Section 1. Hégémonie de la définition britannique et nécessité de son dépassement

Si Elaine Kempson (1994) s’était déjà penchée sur la question de l’accès des ménages aux comptes courants38 au Royaume-Uni, ce sont Andrew Leyshon et Nigel Thrift qui sont généralement considérés comme les premiers à proposer une définition de l’exclusion bancaire. Pour eux, il s’agit des « processes that serve to prevent certain social groups and individuals from gaining access to the financial system » (1995, p. 314). L’exclusion bancaire est clairement définie au regard des mécanismes qui expliquent l’impossibilité d’accès aux services bancaires. Les auteurs s’intéressent ici aux causes géographiques et physiques de l’exclusion. Il s’agit des stratégies d’établissements bancaires qui se refusent à implanter de nouvelles agences ou ferment celles existant dans les zones géographiques où résident des personnes ou groupes présentant un niveau de risque trop élevé pour être acceptable. Ils évitent ainsi de les avoir parmi leur clientèle.

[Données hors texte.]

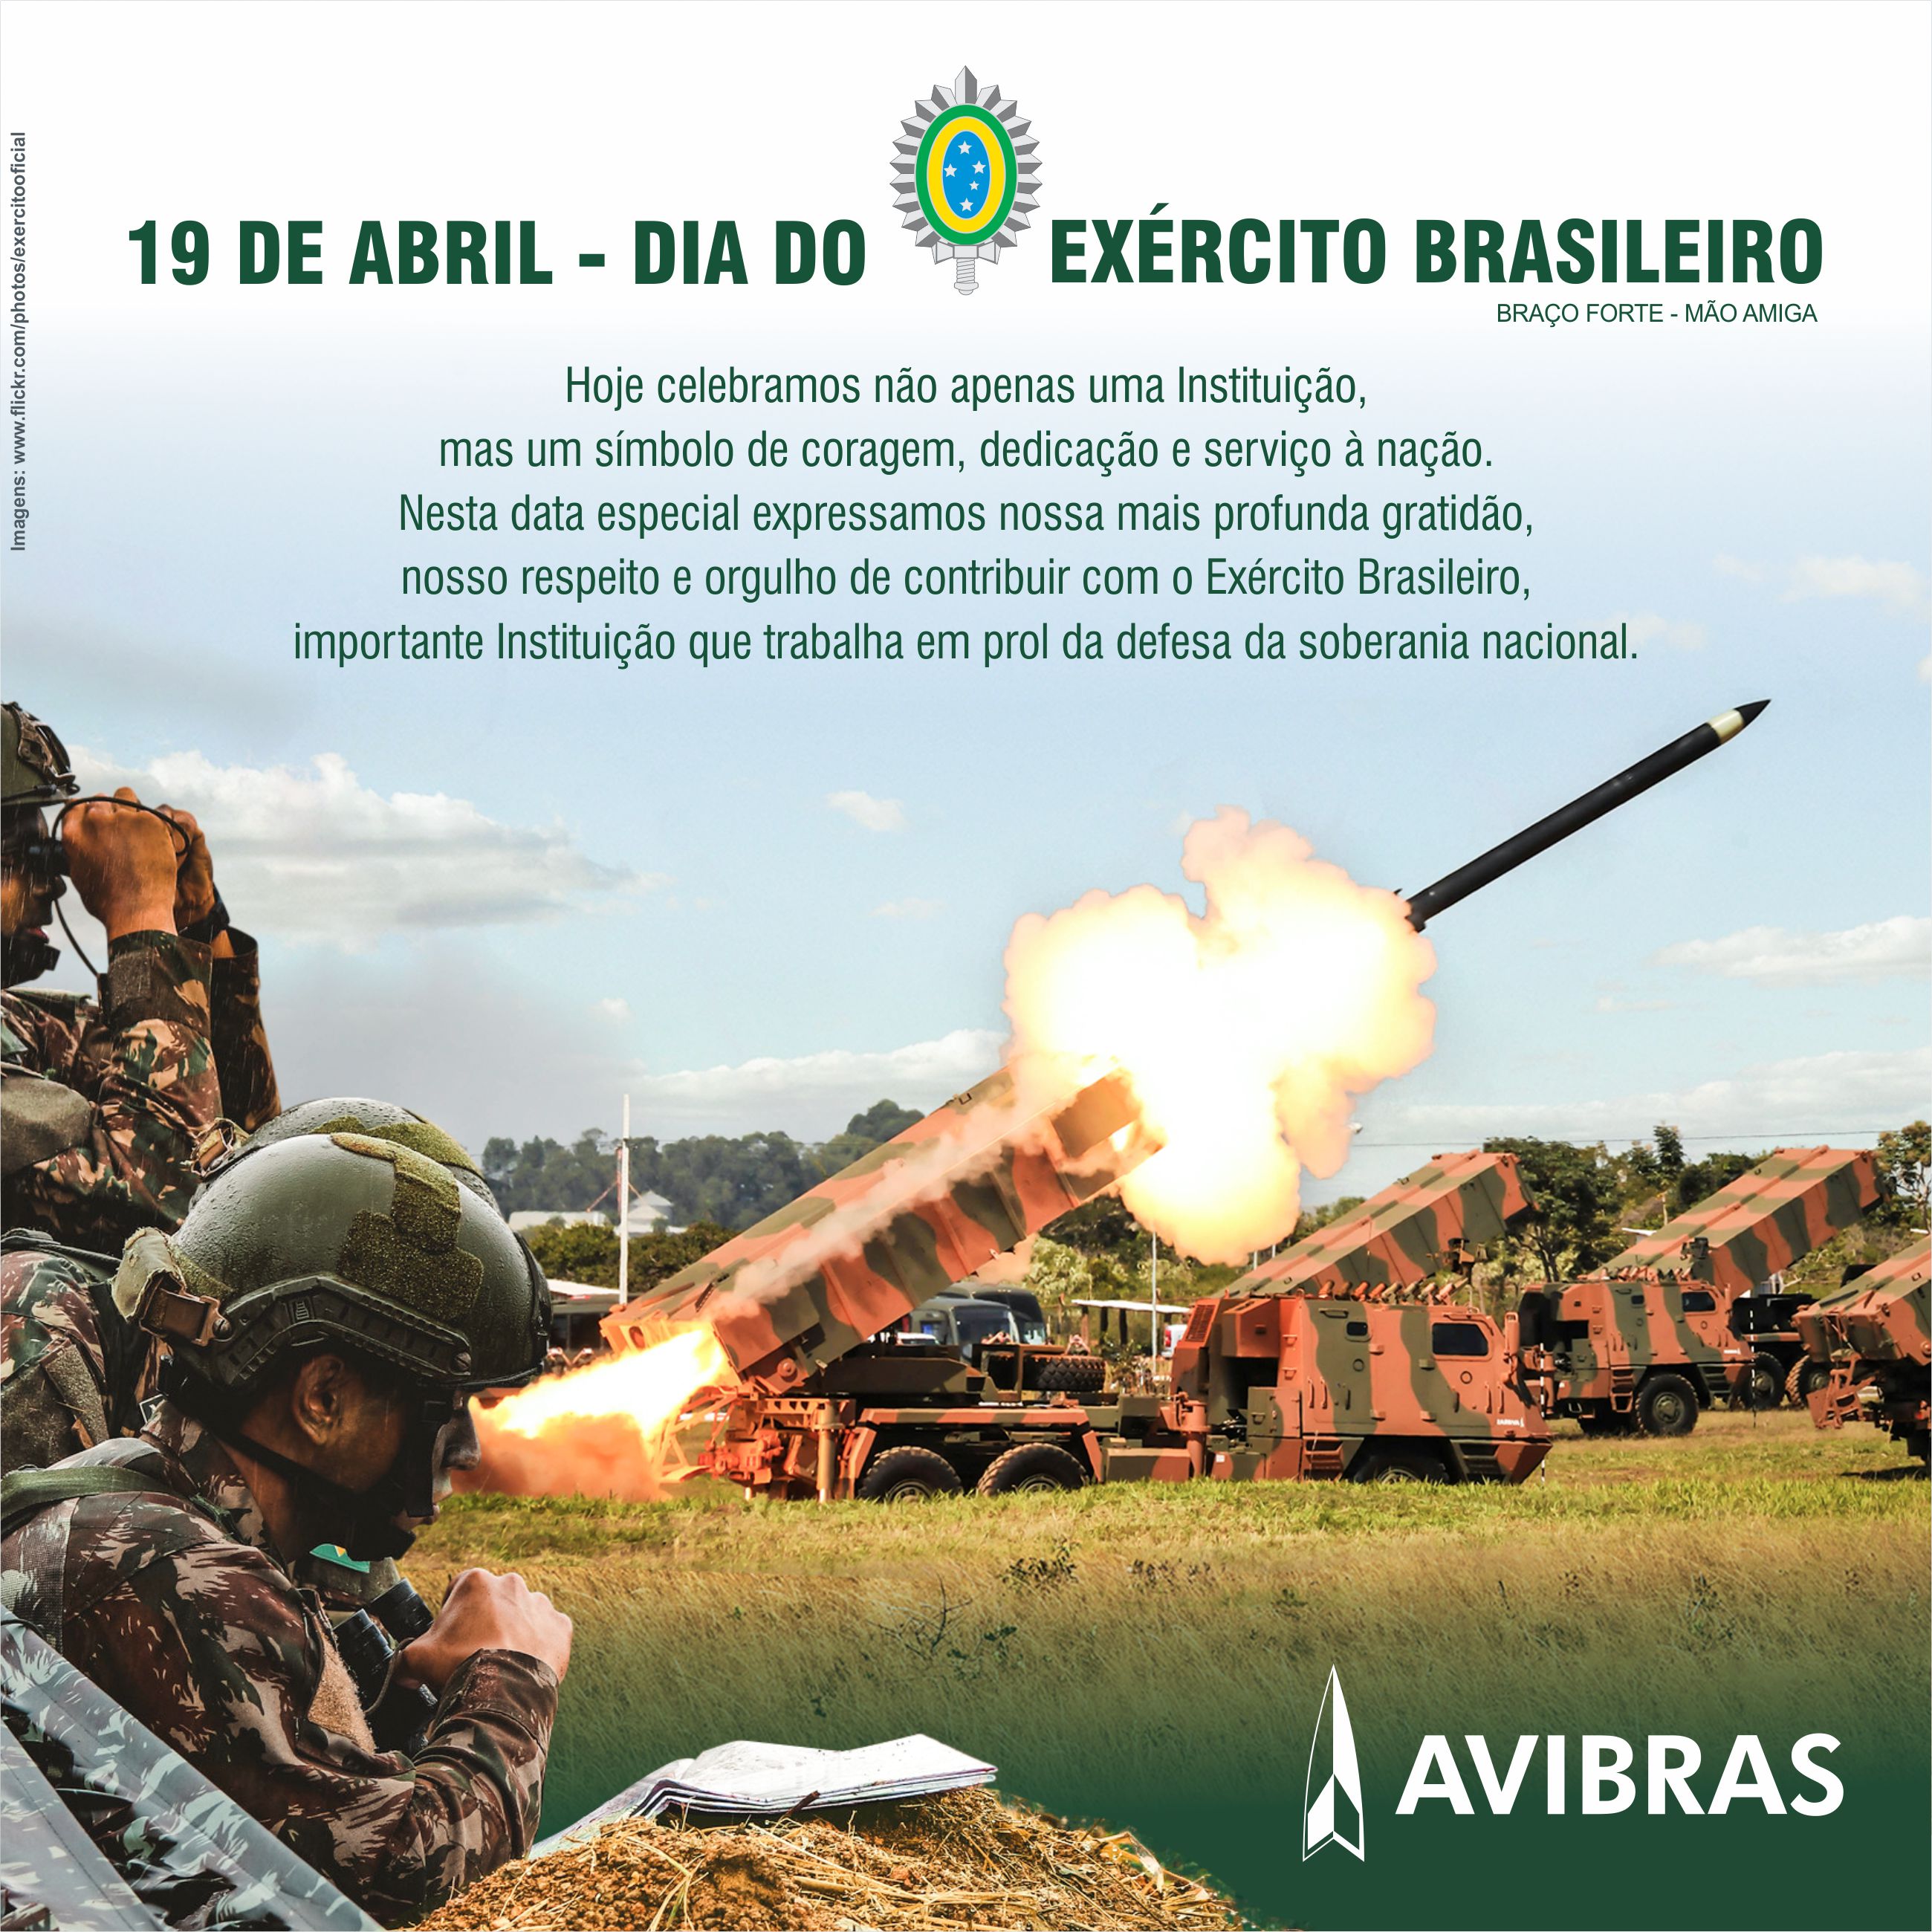 Nossa homenagem ao Dia do Exército Brasileiro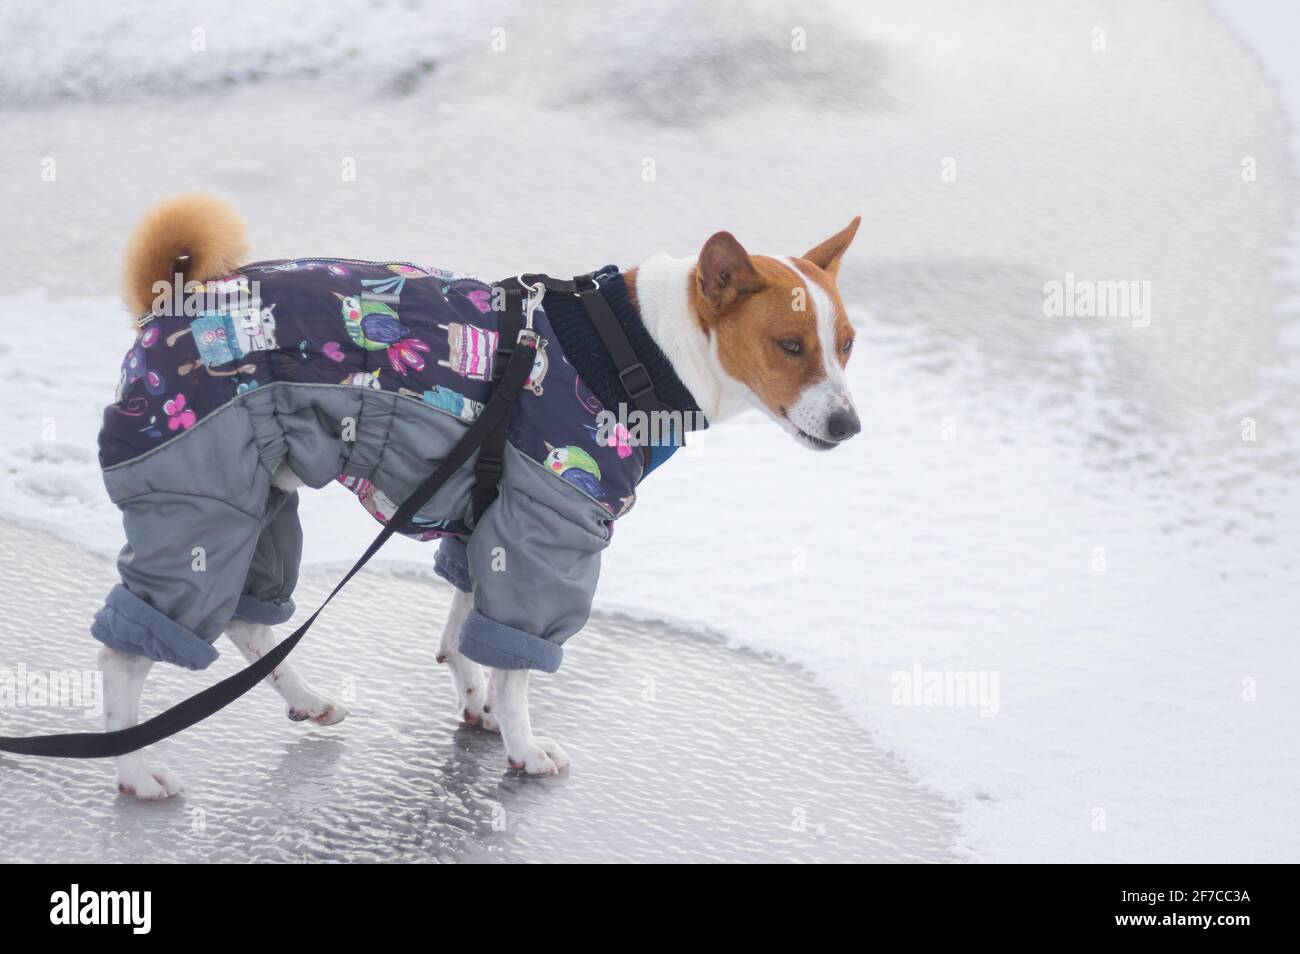 DNIPRO, UKRAINE - 08. februar 2020:Porträt des basenji-Hundes im Wintermantel, der auf eisbedecktem Boden steht und Unmut auf einem Muzz zeigt Stockfoto

Si l’éventail des mécanismes à l’œuvre a rapidement été élargi par les travaux suivant, en revanche, l’exclusion bancaire comprise comme « barrière à l’entrée » reste largement partagée. Au point que cette approche principalement britannique fasse l’objet d’un large consensus sans qu’un réel débat scientifique ne se soit développé au préalable (§1). Elle présente pourtant trois faiblesses de taille paraissant suffisantes pour justifier son dépassement : la référence à une structuration du secteur bancaire spécifiquement anglo-saxonne, l’insuffisante prise en compte des difficultés d’usage, et l’absence de lien entre la définition de l’exclusion et les conséquences des difficultés bancaires (§2). Les carences identifiées se traduisent d’ailleurs par le développement de travaux ayant également pour terrain d’application le Royaume-Uni, mais proposant des analyses alternatives. Toutefois, ils ne suffisent pas encore à remettre en cause le consensus initial (§3).

Notes
38.

 Au cours de cette thèse, nous désignons les comptes de dépôt par les expressions alternatives et équivalentes : compte de dépôt, compte courant ou compte bancaire. Nous ne faisons pas de distinction entre le compte de dépôt proposé par la Banque Postale et les autres établissements bancaires sauf mention spécifique.